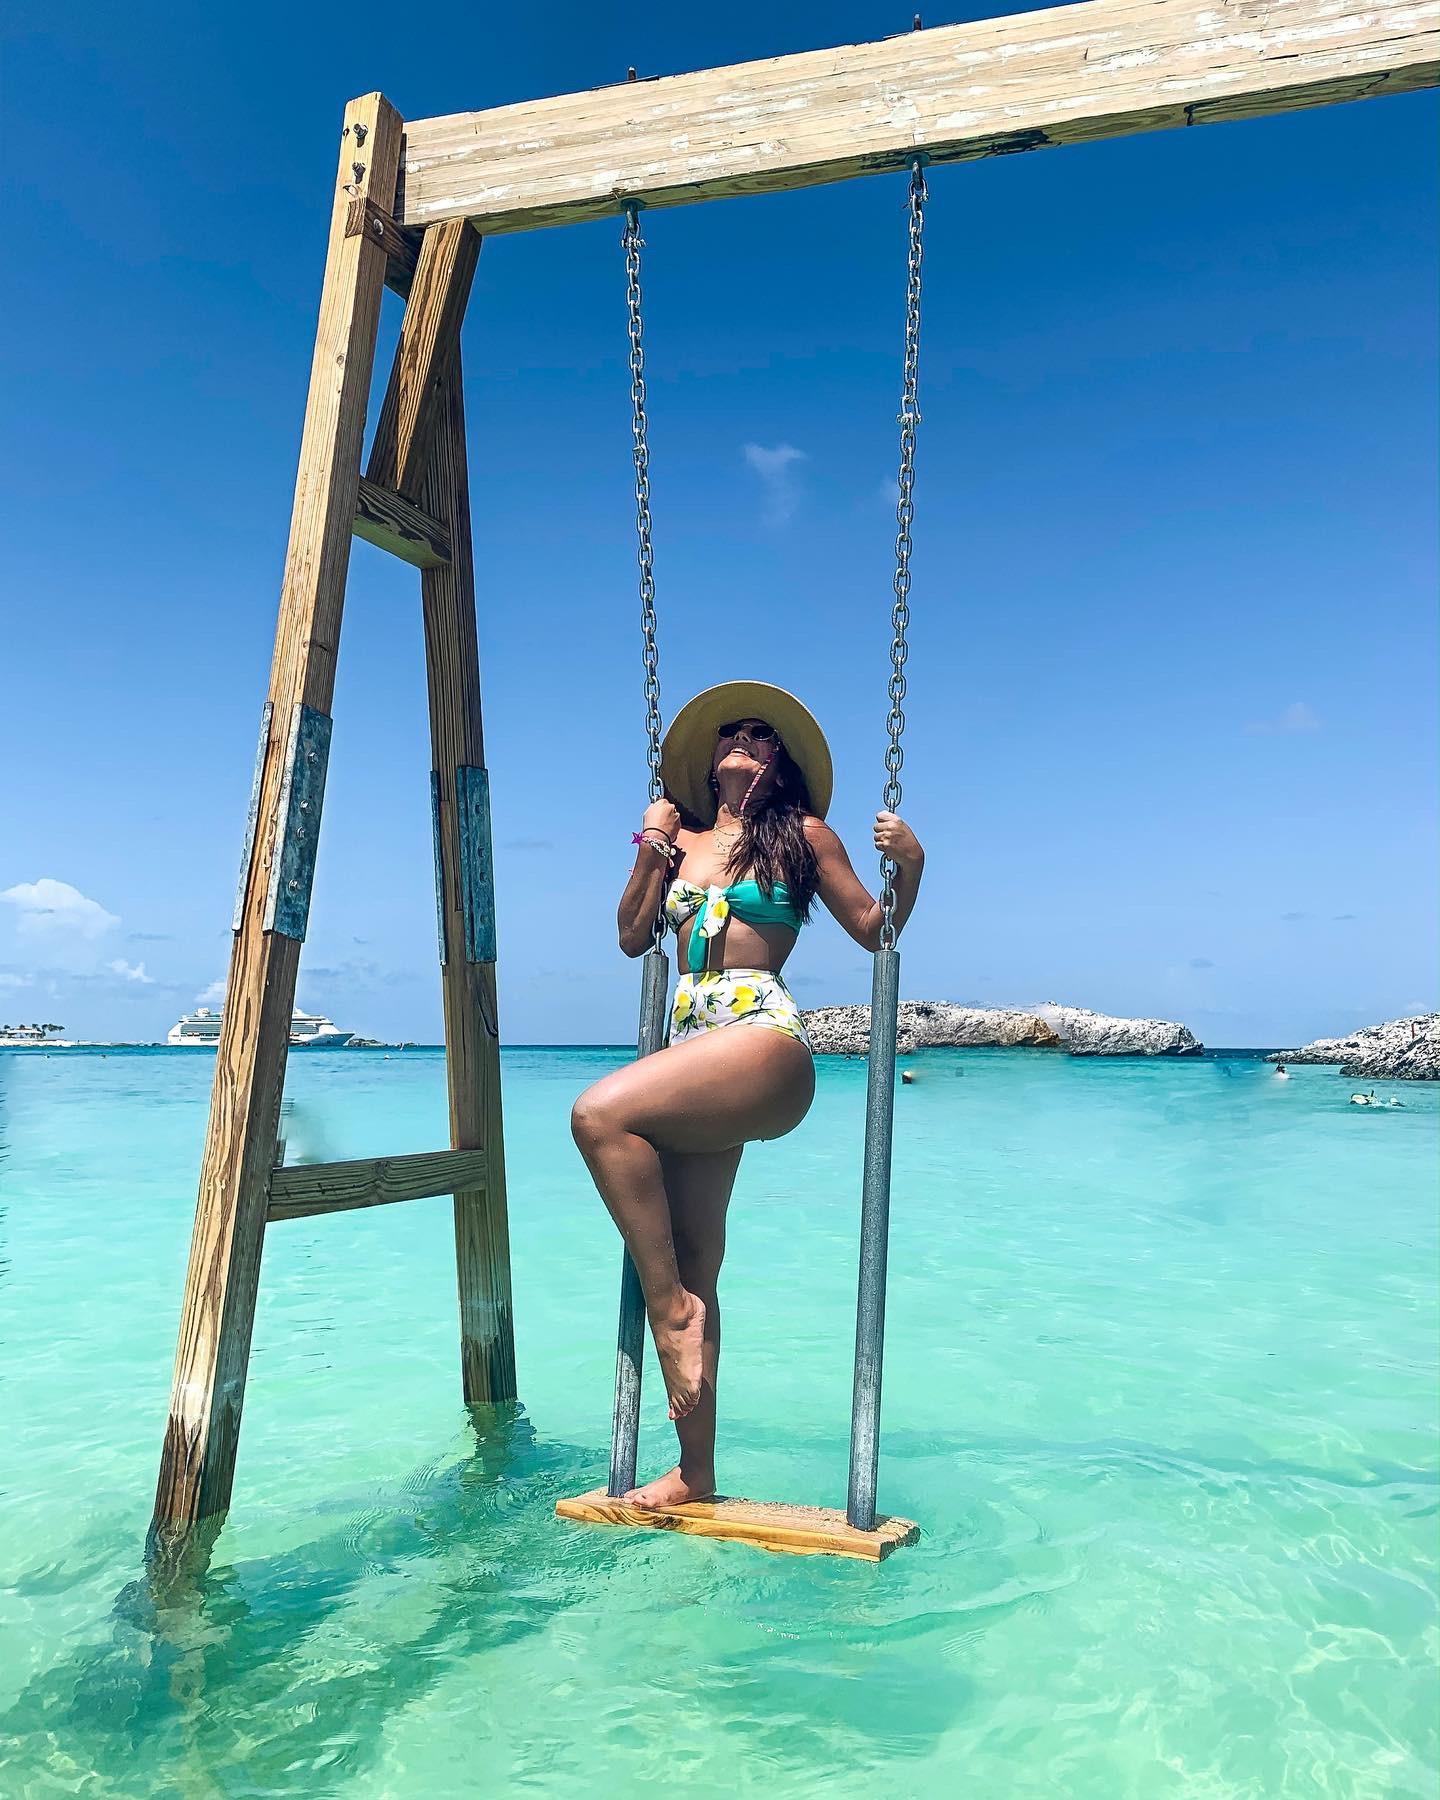 fashion travel blogger paloma de la cruz cruise paradise bahamas island caribbean vacation
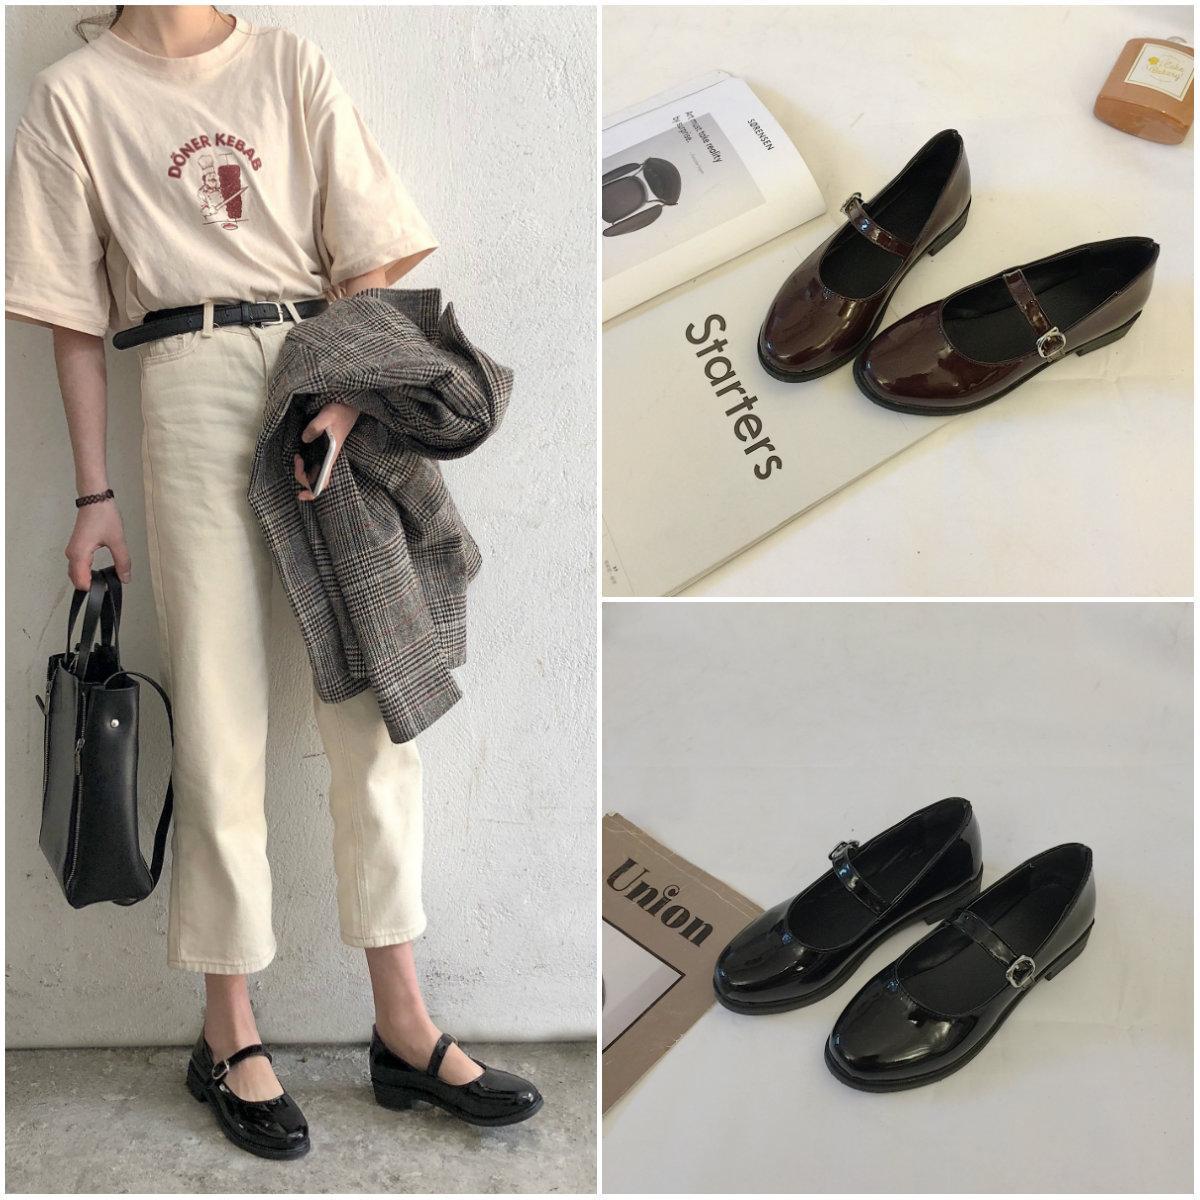 Buy Women Shoes Flat Sandal Heel Lazada Lady Jelly Sepatu Sendal Wanita
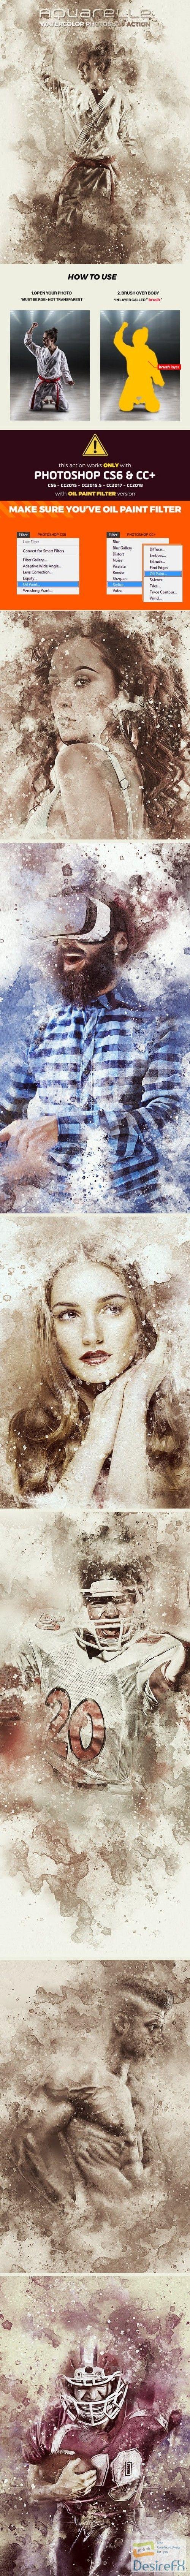 Watercolor Photoshop Psd Template Psd Templates Photoshop

= = = = = = =

PROBLEM TO WORK ON :: What is needed is an exact copy of the data, with the pictures removed.

ANSWER SPACE ::
 fashion travel blogger paloma de la cruz cruise paradise bahamas island caribbean vacation
 Buy Women Shoes Flat Sandal Heel Lazada Lady Jelly Sepatu Sendal Wanita
 Watercolor Photoshop Psd Template Psd Templates Photoshop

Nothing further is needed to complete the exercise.